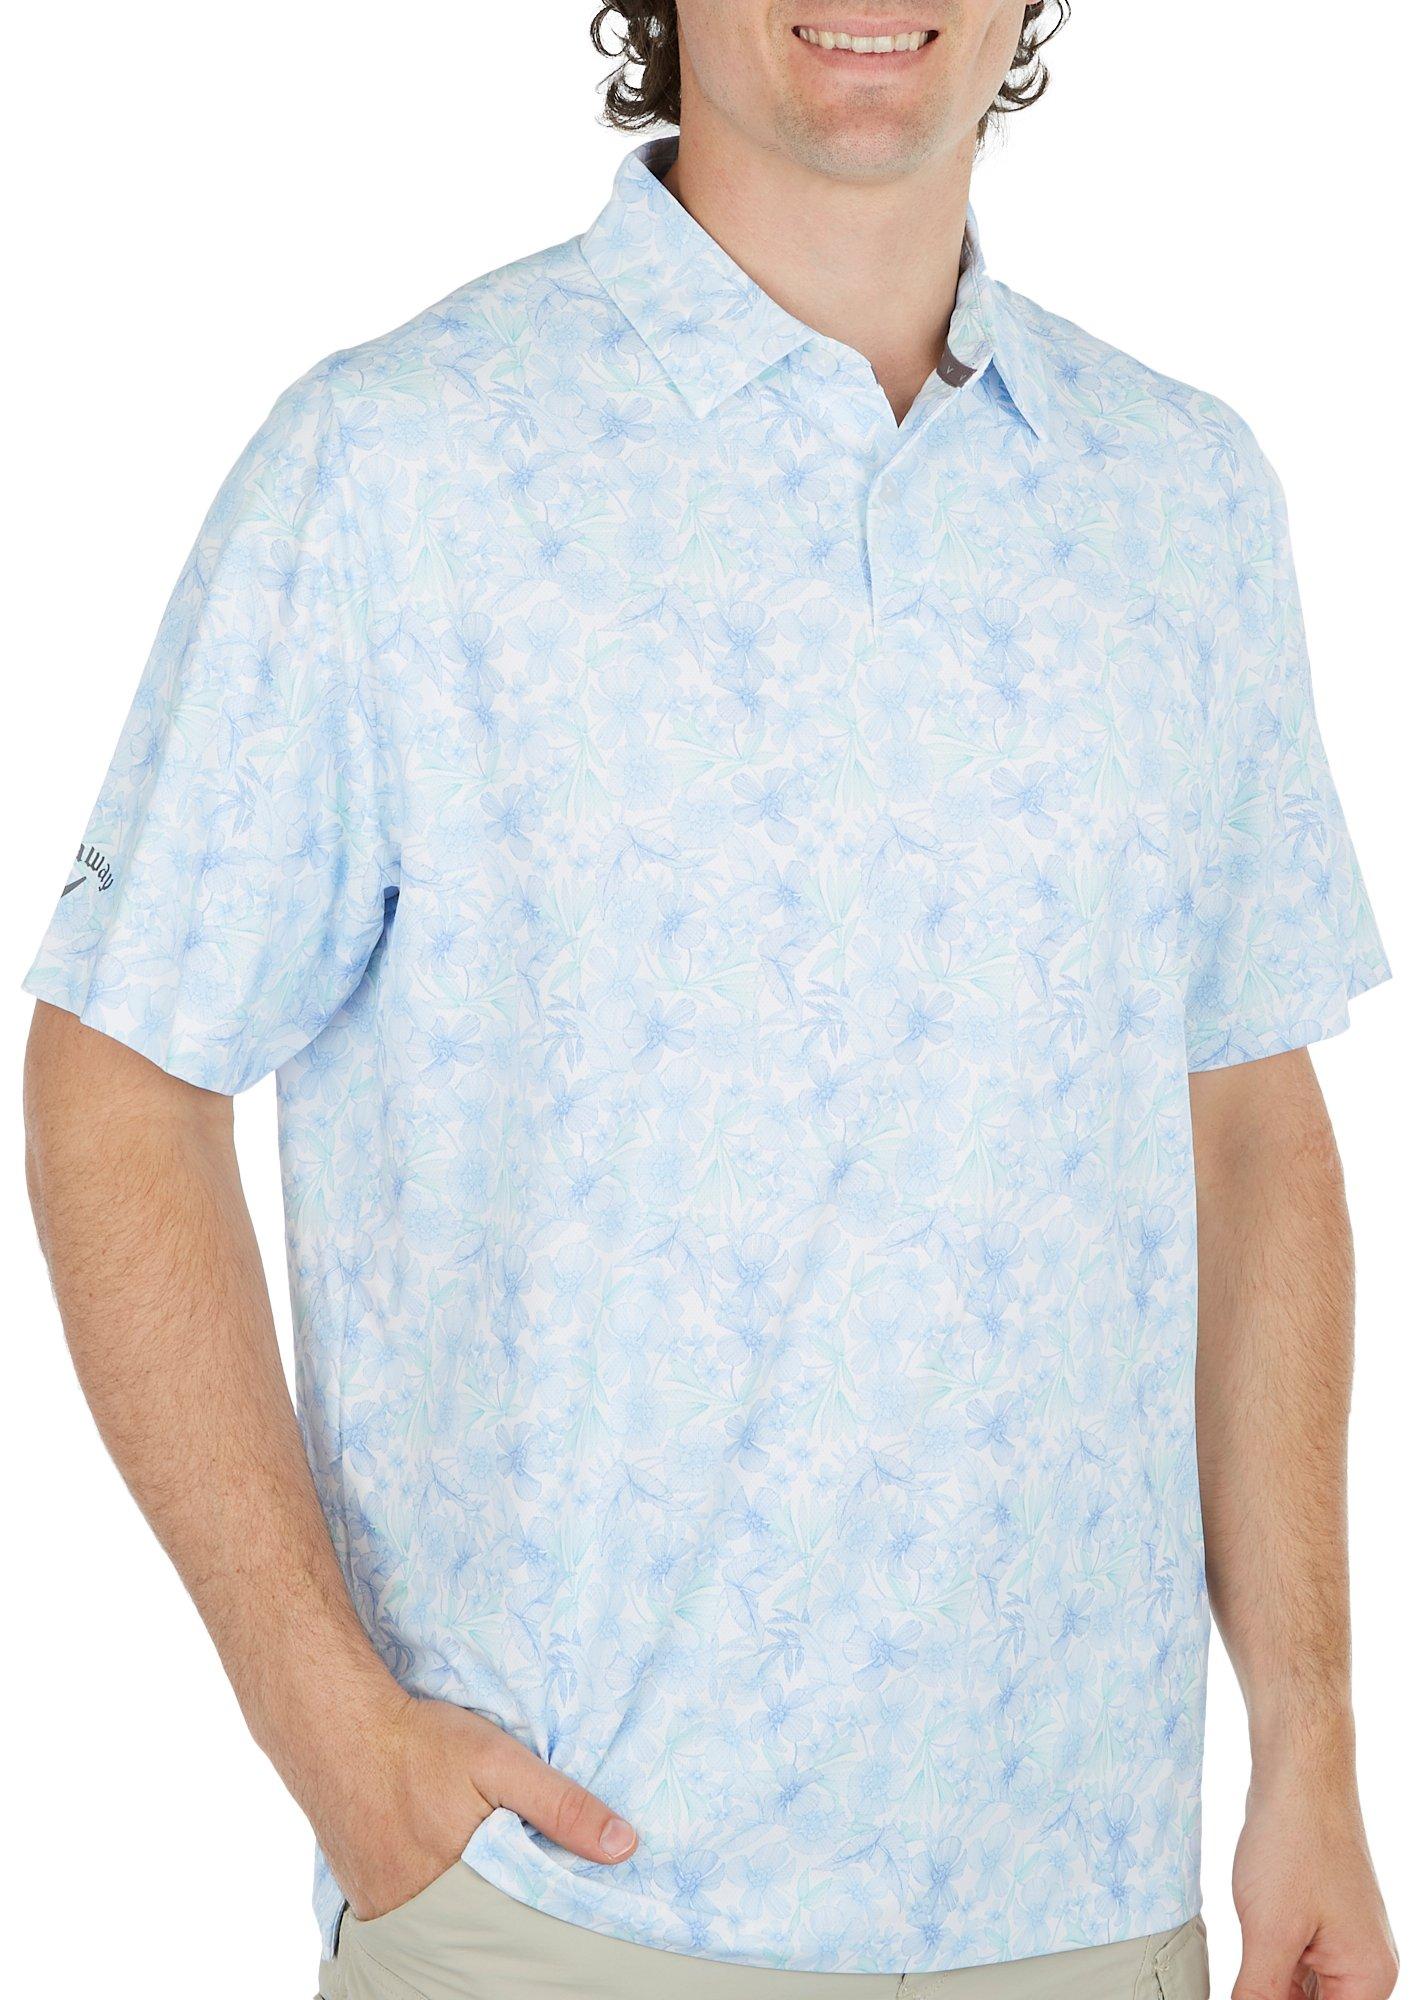 Callaway Mens Opti-Dri Floral Short Sleeve Polo Shirt
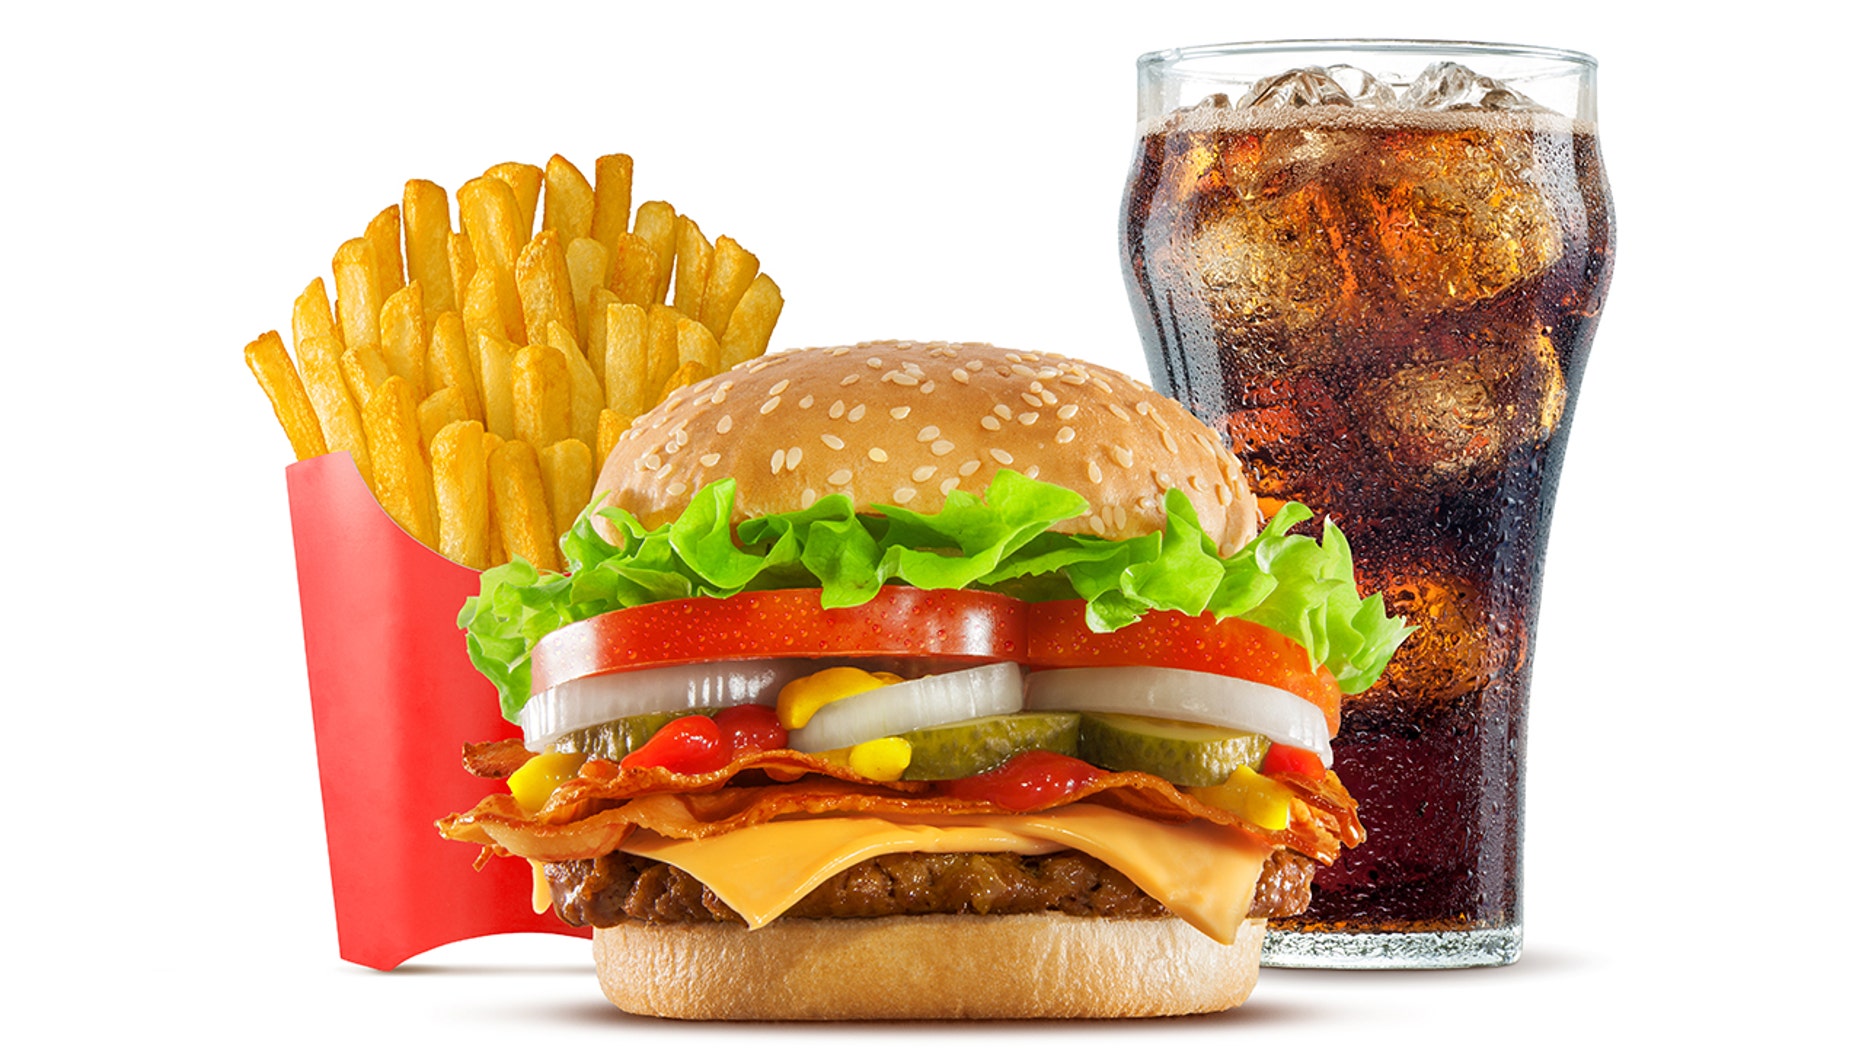 Fast Food Restaurants May Be Healthier Than Five Star Restaurants
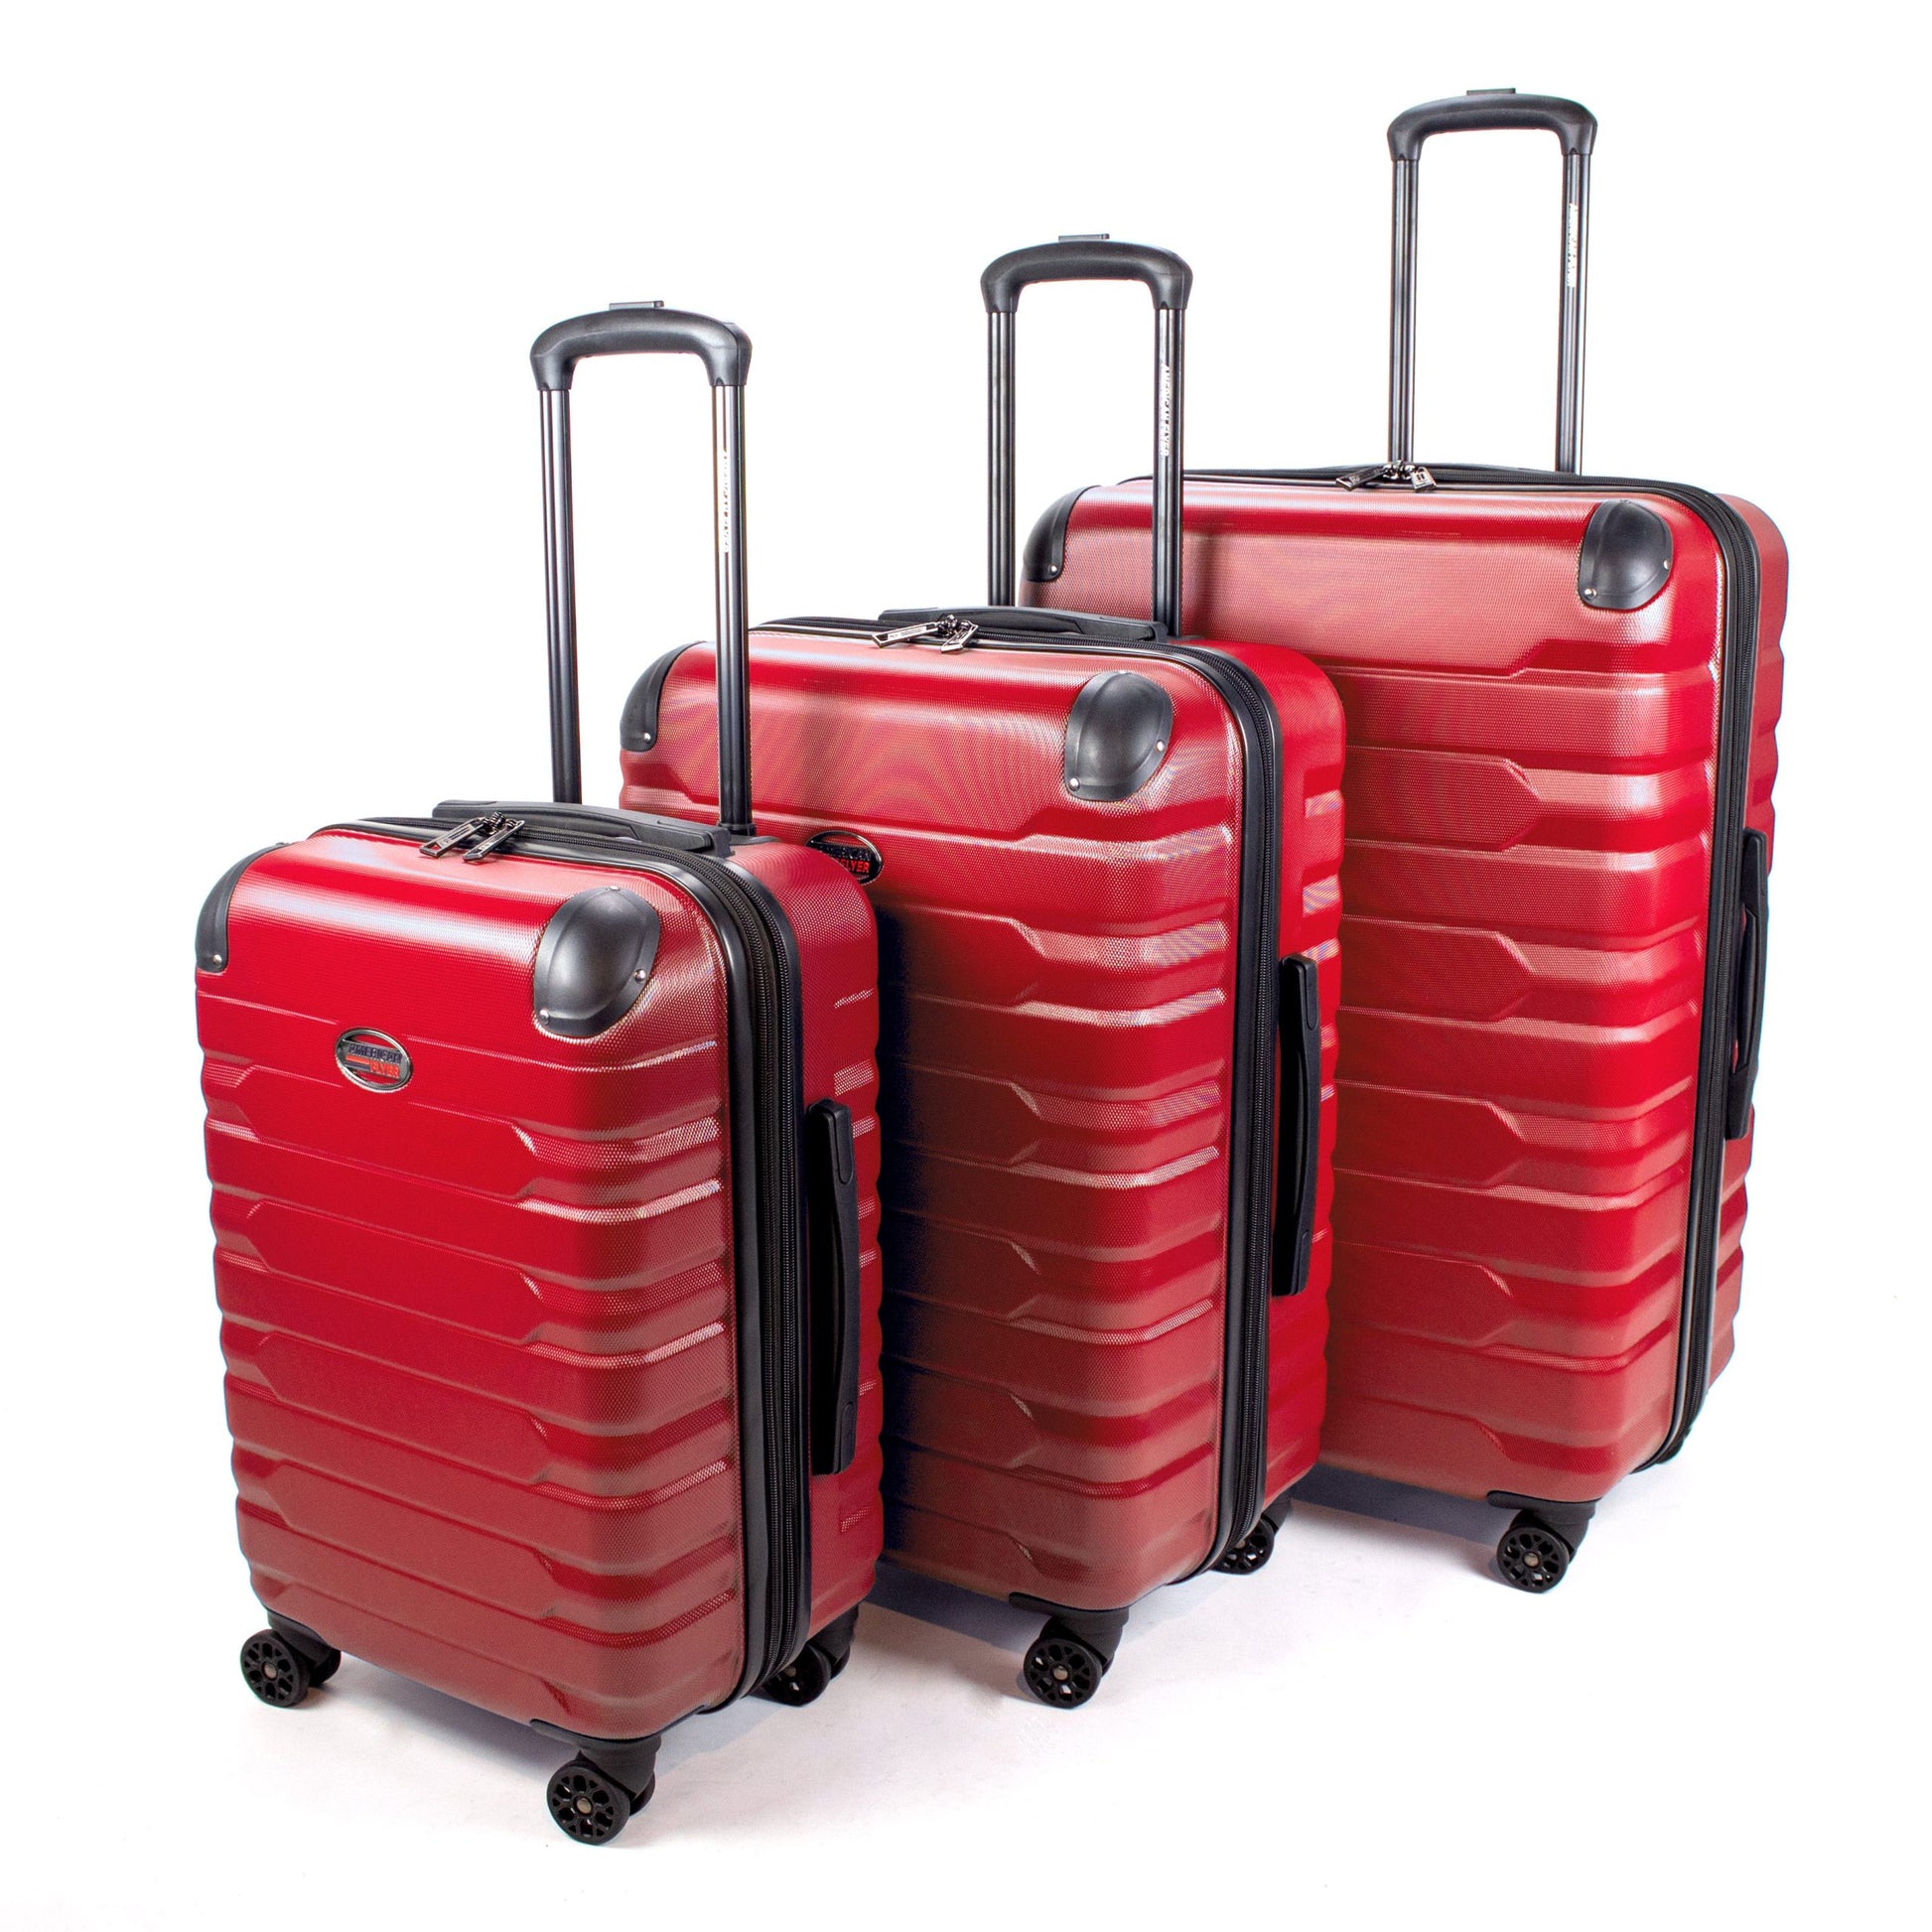 American Flyer Mina 3-Piece Hardside Luggage Set - 20516551

▸ **Task brief**
Give every line of the listing above again, exactly, with no images.

▸ **Answer**
 Callaway Mens Opti-Dri Floral Short Sleeve Polo Shirt
 Fast Food Restaurants May Be Healthier Than Five Star Restaurants
 American Flyer Mina 3-Piece Hardside Luggage Set - 20516551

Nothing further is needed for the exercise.